Gadi Singer is Vice President and Director of Emergent AI Research at Intel Labsleading the development of the third wave of AI capabilities. Written in collaboration with Vasudev Lal and the Cognitive AI team at Intel Labs.

Enabling Smarter, Adaptive AI With Innovative Multimodal Systems

An exciting frontier in Cognitive AI involves building systems that can integrate multiple modalities and synthesize the meaning of language, images, video, audio and structured knowledge sources such as relation graphs. Adaptive applications like conversational AI; video and image search using language; autonomous robots and drones; and AI multimodal assistants will require systems that can interact with the world using all available modalities and respond appropriately within specific contexts. In this blog, we will introduce the concept of multimodal learning along with some of its main use cases, and discuss the progress made at Intel Labs towards creating of robust multimodal reasoning systems.

In the past few years, deep learning (DL) solutions have performed better than the human baseline in many natural language processing (NLP) benchmarks (e.g., SuperGLUE, GLUE, SQuAD) and computer vision benchmarks (e.g., ImageNet). The progress on individual modalities is a testament to the perception or recognition-like capabilities achieved by the highly effective statistical mappings learned by neural networks.

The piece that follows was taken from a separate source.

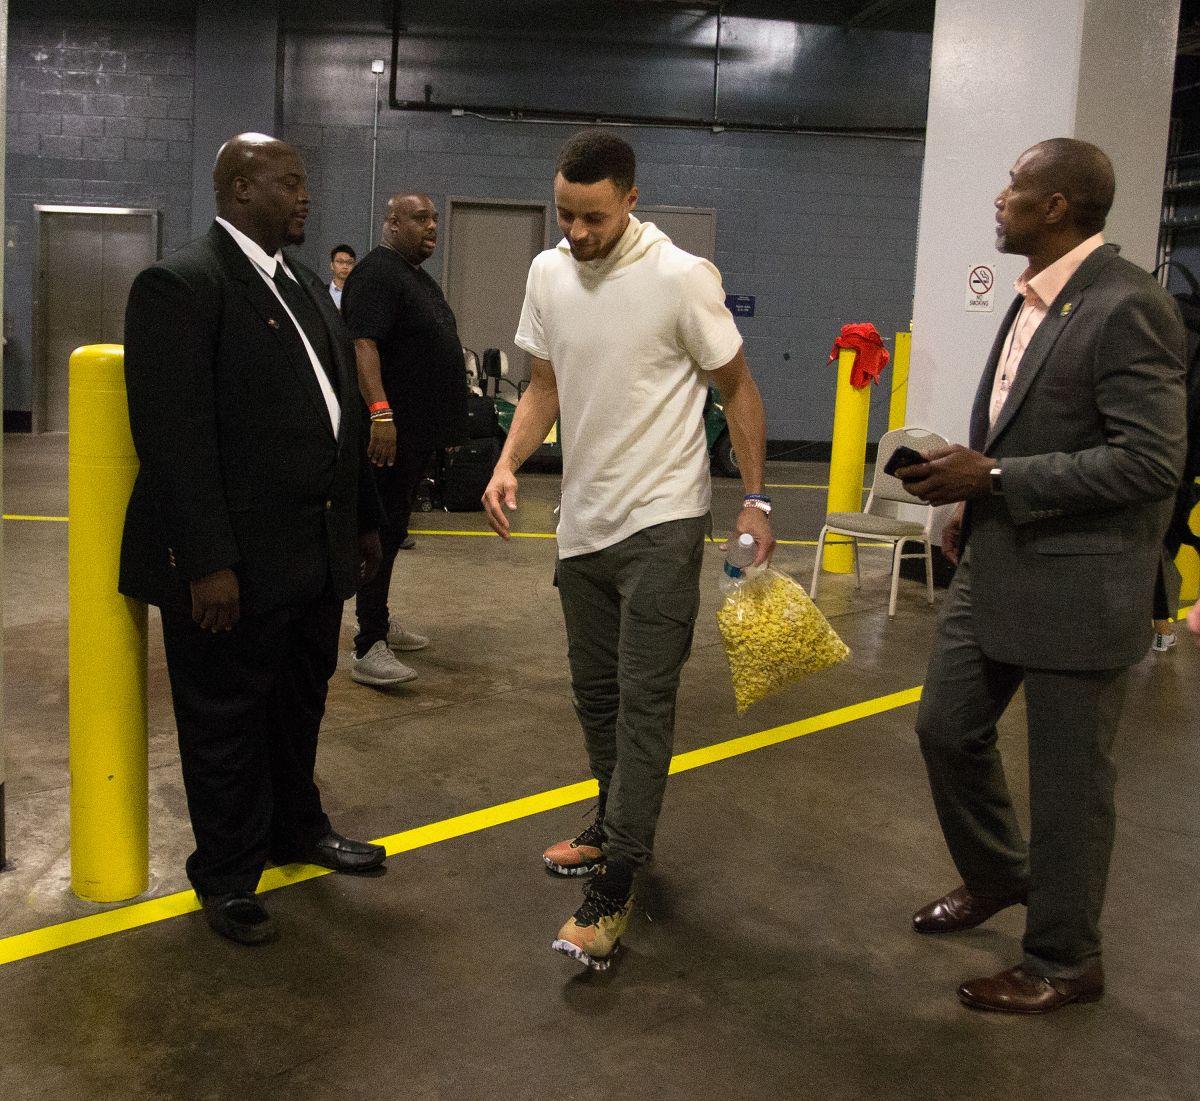 Stephen Curry abandona lentamente la arena de los Rockets de Houston tras el juego que Golden State ganó el domingo y en el que el astro sufrió una lesión de la rodilla derecha.

These single-modality tasks were considered extremely difficult to tackle just a decade ago but are currently major AI workloads in datacenter, client, and edge products. However, in multimodal settings, many of the insights that could be gleaned using automated methods still go unexploited.

Multimodality for Human-Centric Cognitive AI

Human cognitive abilities are often associated with successful learning from multiple modalities. For example, the concept of an apple should include information obtained from vision: what it usually looks like in terms of color, shape, texture, etc. But the concept of an apple formed by humans and advanced AI systems should also be informed by what sound the apple makes when it is bitten into, what people mean when they talk about apple pie, and the comprehensive knowledge available about apples in text corpora like Wikipedia, or structured knowledge bases like Wikidata.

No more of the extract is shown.